At a Glance
- Tasks: Design and implement MLOps solutions on AWS to optimise AI workflows.
- Company: Join Quantiphi, an award-winning AI-first digital engineering company.
- Benefits: Enjoy competitive pay, flexible work options, and opportunities for growth.
- Other info: Collaborative culture with a focus on solving complex business challenges.
- Why this job: Be at the forefront of AI innovation and make a real impact.
- Qualifications: Experience in MLOps, AWS, and a passion for AI technologies.
The predicted salary is between 60000 - 80000 £ per year.
About Quantiphi: Quantiphi is an award-winning, AI-First digital engineering and consulting company focused on delivering high-impact Services and Solutions that help organizations solve what truly matters. We partner with enterprises to reimagine their businesses through intelligent, scalable, and transformative AI—driving measurable outcomes at the very core of their operations. Since our founding in 2013, Quantiphi has tackled some of the world’s most complex business challenges by combining deep industry expertise, disciplined cloud and data engineering practices, and cutting-edge applied AI research. Our work is rooted in delivering accelerated, quantifiable business value—not just technology for technology’s sake. Headquartered in Boston, Quantiphi is a global organization with 4,000+ professionals serving clients across key industry verticals, including BFSI and Healthcare.
MLOps Architect - AWS employer: Quantiphi
Contact Detail:
Quantiphi Recruiting Team
StudySmarter Expert Advice 🤫
We think this is how you could land MLOps Architect - AWS
✨Tip Number 1
Network like a pro! Reach out to professionals in the MLOps and AWS space on LinkedIn. Join relevant groups, attend webinars, and don’t be shy about asking for informational interviews. We all know that sometimes it’s not just what you know, but who you know!
✨Tip Number 2
Show off your skills! Create a portfolio showcasing your MLOps projects, especially those involving AWS. This could be anything from GitHub repositories to case studies. We want to see your hands-on experience and how you’ve tackled real-world problems.
✨Tip Number 3
Prepare for the interview like it’s the Super Bowl! Research Quantiphi’s projects and values, and think about how your skills align with their mission. We recommend practising common interview questions and even doing mock interviews with friends or mentors.
✨Tip Number 4
Apply through our website! It’s the best way to ensure your application gets seen by the right people. Plus, we love seeing candidates who take the initiative to apply directly. Don’t forget to follow up after applying; a little nudge can go a long way!

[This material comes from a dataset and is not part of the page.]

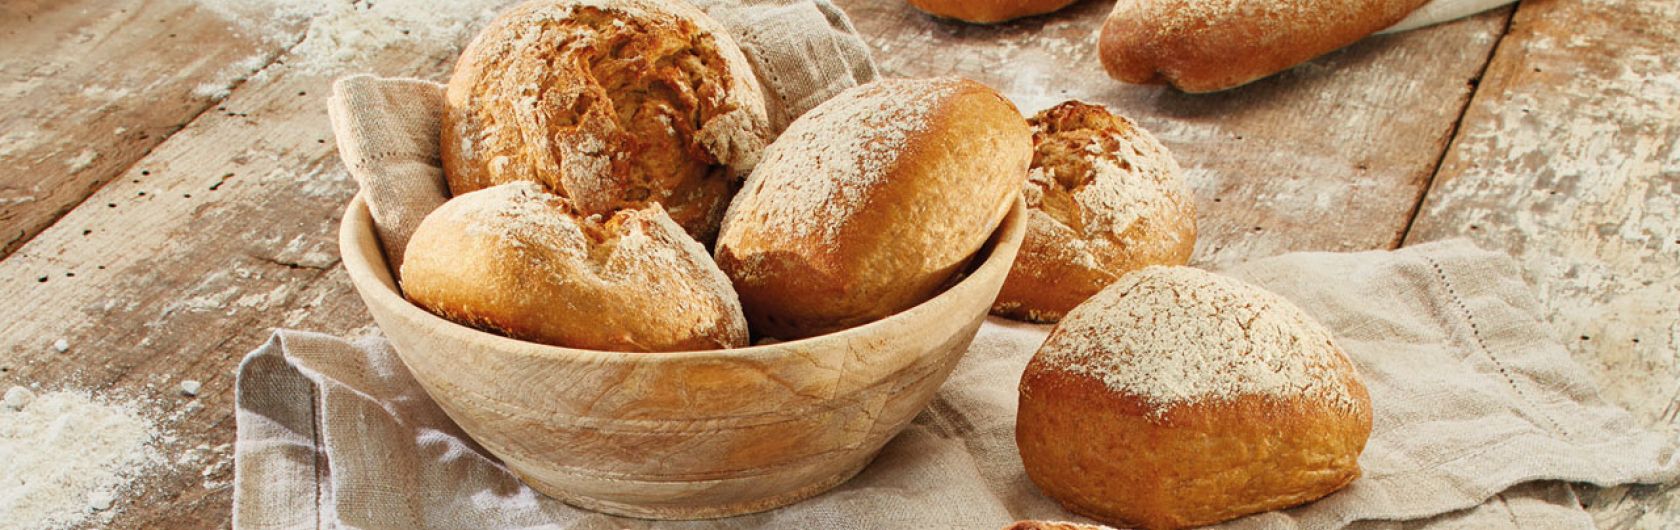 Premixes bread & bread rolls

We think you need these skills to ace MLOps Architect - AWS
Some tips for your application 🫡
Tailor Your CV: Make sure your CV is tailored to the MLOps Architect role. Highlight your experience with AWS and any relevant AI projects you've worked on. We want to see how your skills align with what we do at Quantiphi!

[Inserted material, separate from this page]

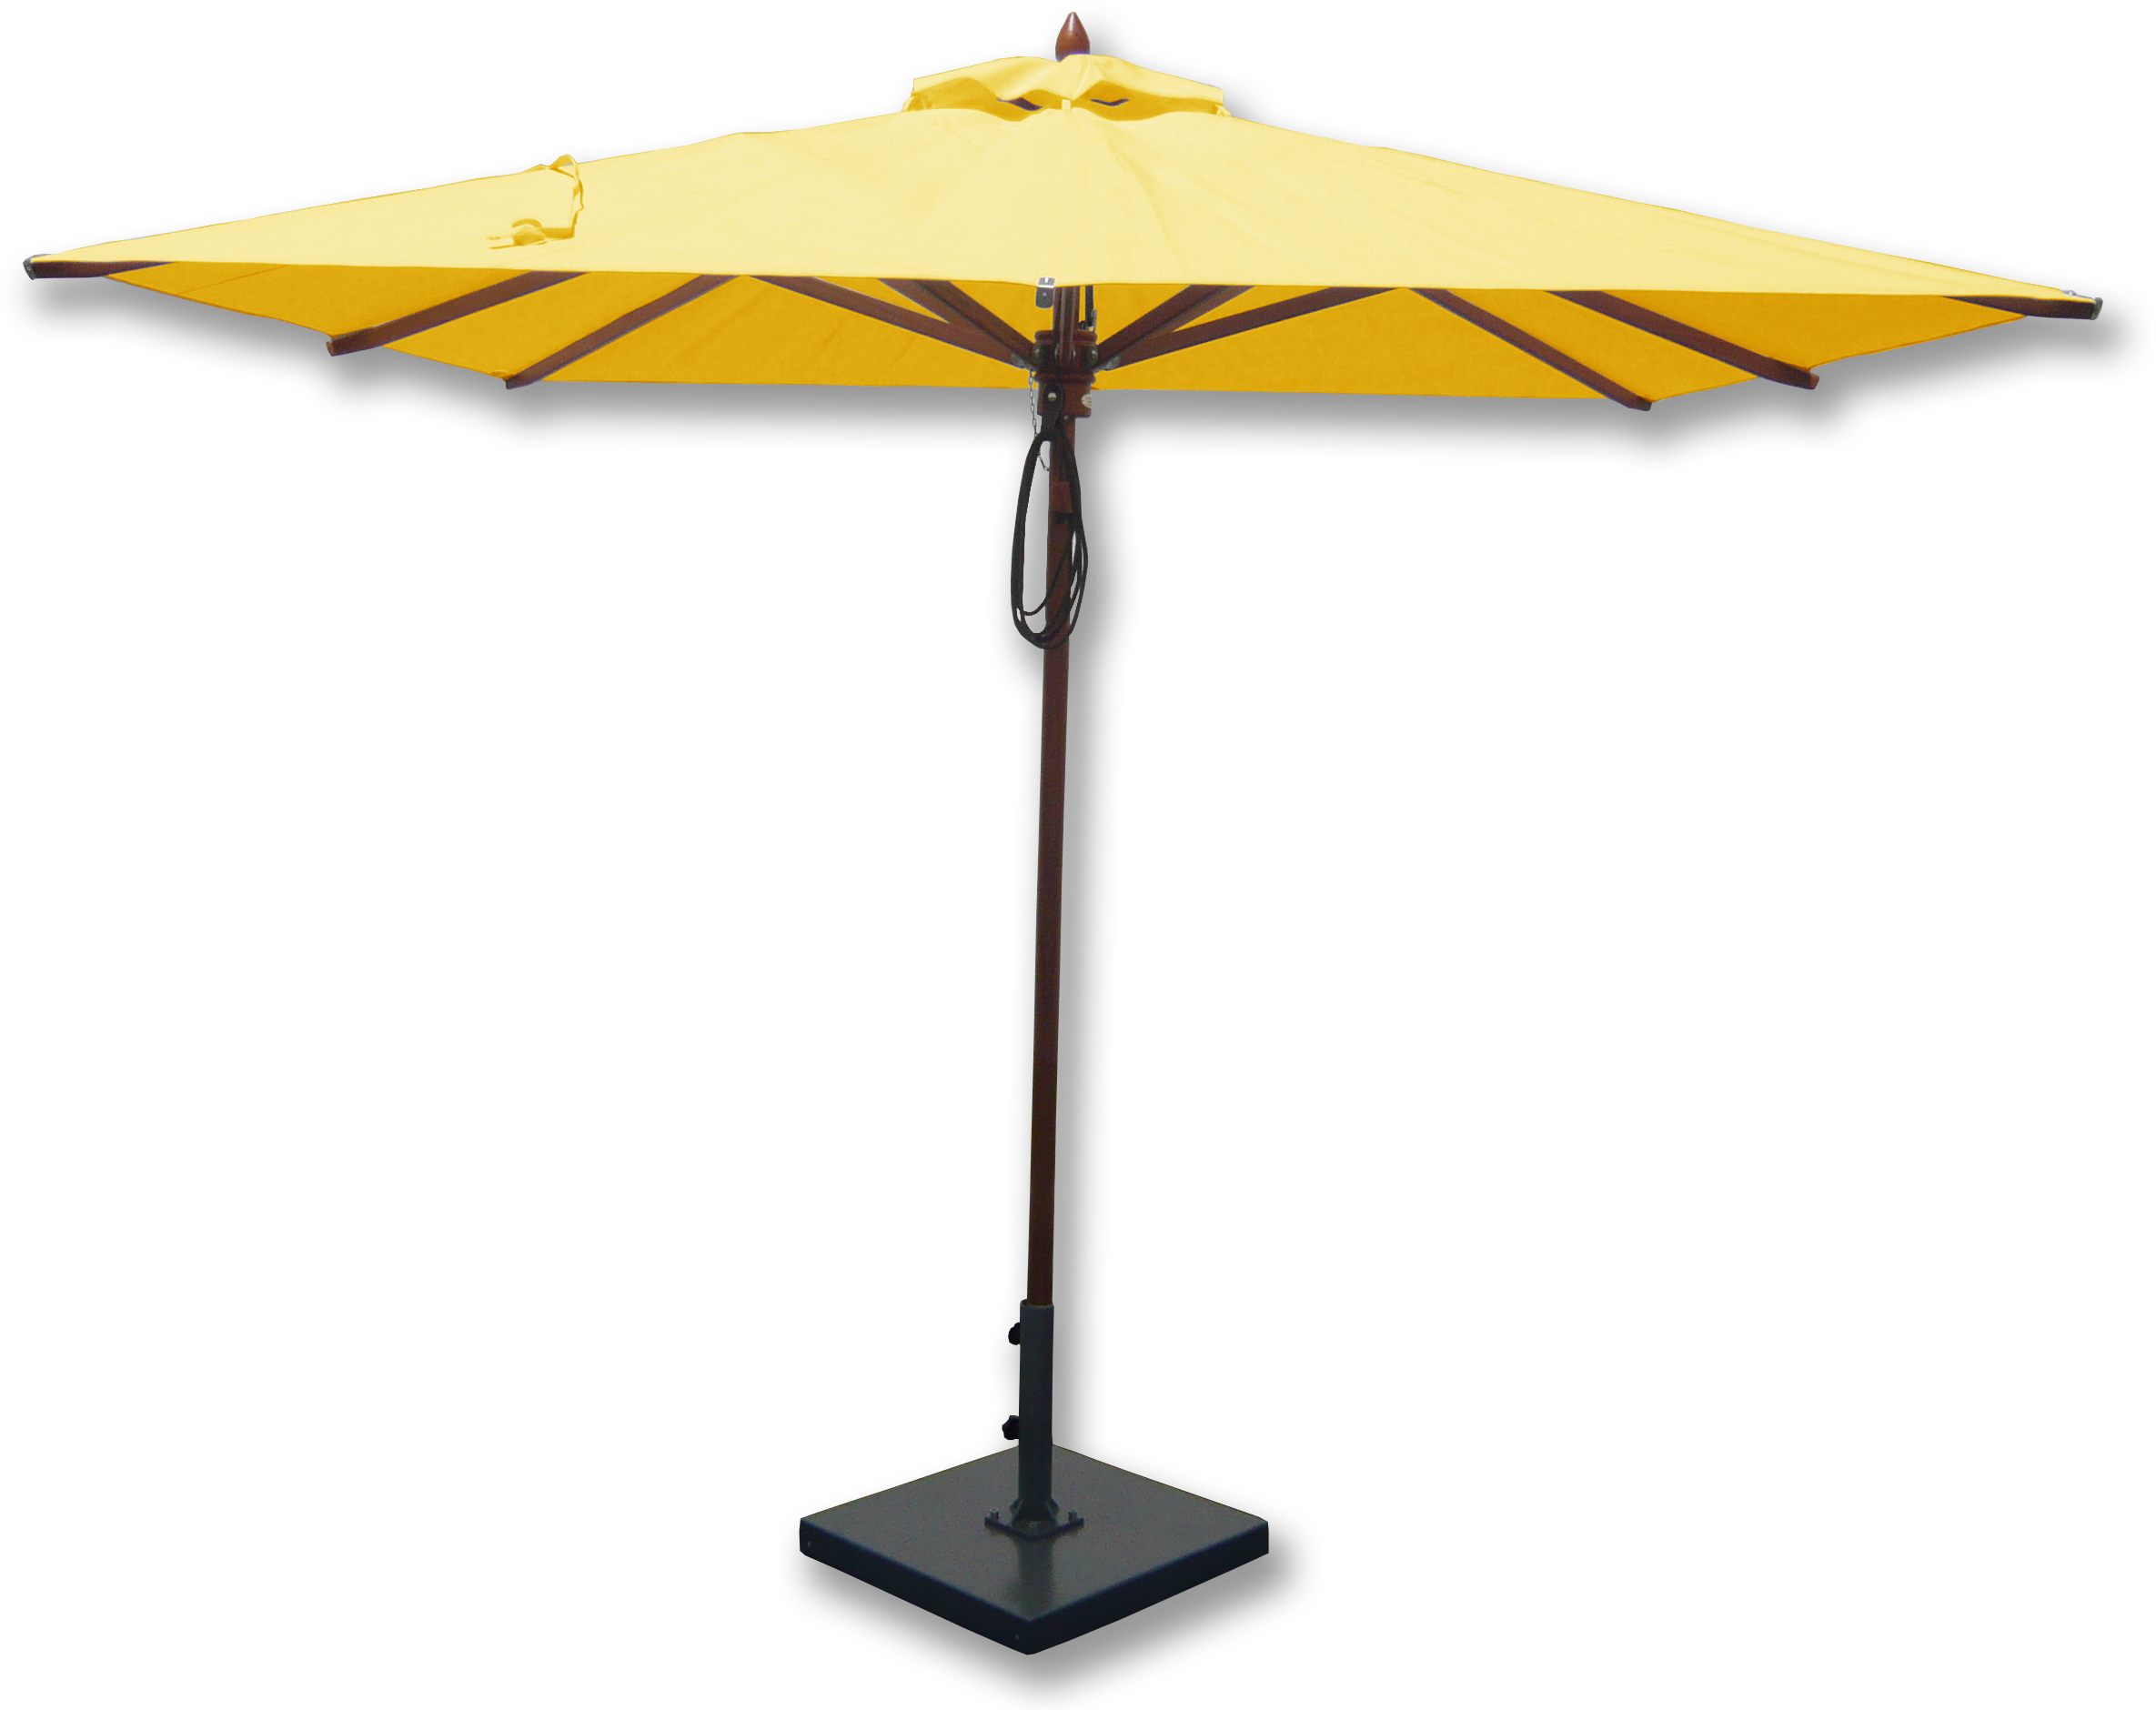 Outdoor Yellow Umbrella Png - 8' Umbrella Greencorner Fabric: Natural (2700x2100)

Craft a Compelling Cover Letter: Your cover letter is your chance to shine! Use it to explain why you're passionate about AI and how you can contribute to our mission. Keep it engaging and personal, so we get a sense of who you are.
Showcase Your Projects: If you've worked on any interesting projects related to MLOps or AI, make sure to mention them. We love seeing real-world applications of your skills, so don’t hold back on the details!
Apply Through Our Website: We encourage you to apply through our website for a smoother process. It helps us keep track of your application and ensures you don’t miss out on any important updates from us!
How to prepare for a job interview at Quantiphi
✨Know Your AI and MLOps Inside Out
Make sure you brush up on your knowledge of AI and MLOps principles, especially as they relate to AWS. Be prepared to discuss specific projects you've worked on, the challenges you faced, and how you overcame them. This will show that you not only understand the theory but also have practical experience.
✨Understand Quantiphi's Mission
Familiarise yourself with Quantiphi’s focus on delivering high-impact services and solutions. Think about how your skills can contribute to their mission of driving measurable outcomes through AI. This will help you align your answers with their goals during the interview.
✨Prepare for Technical Questions
Expect technical questions related to cloud and data engineering practices. Brush up on AWS services relevant to MLOps, such as SageMaker, Lambda, and EC2. Practising coding problems or system design scenarios can also give you an edge in demonstrating your technical prowess.
✨Showcase Your Problem-Solving Skills
Quantiphi values tackling complex business challenges, so be ready to share examples of how you've approached problem-solving in your previous roles. Use the STAR method (Situation, Task, Action, Result) to structure your responses and highlight your impact.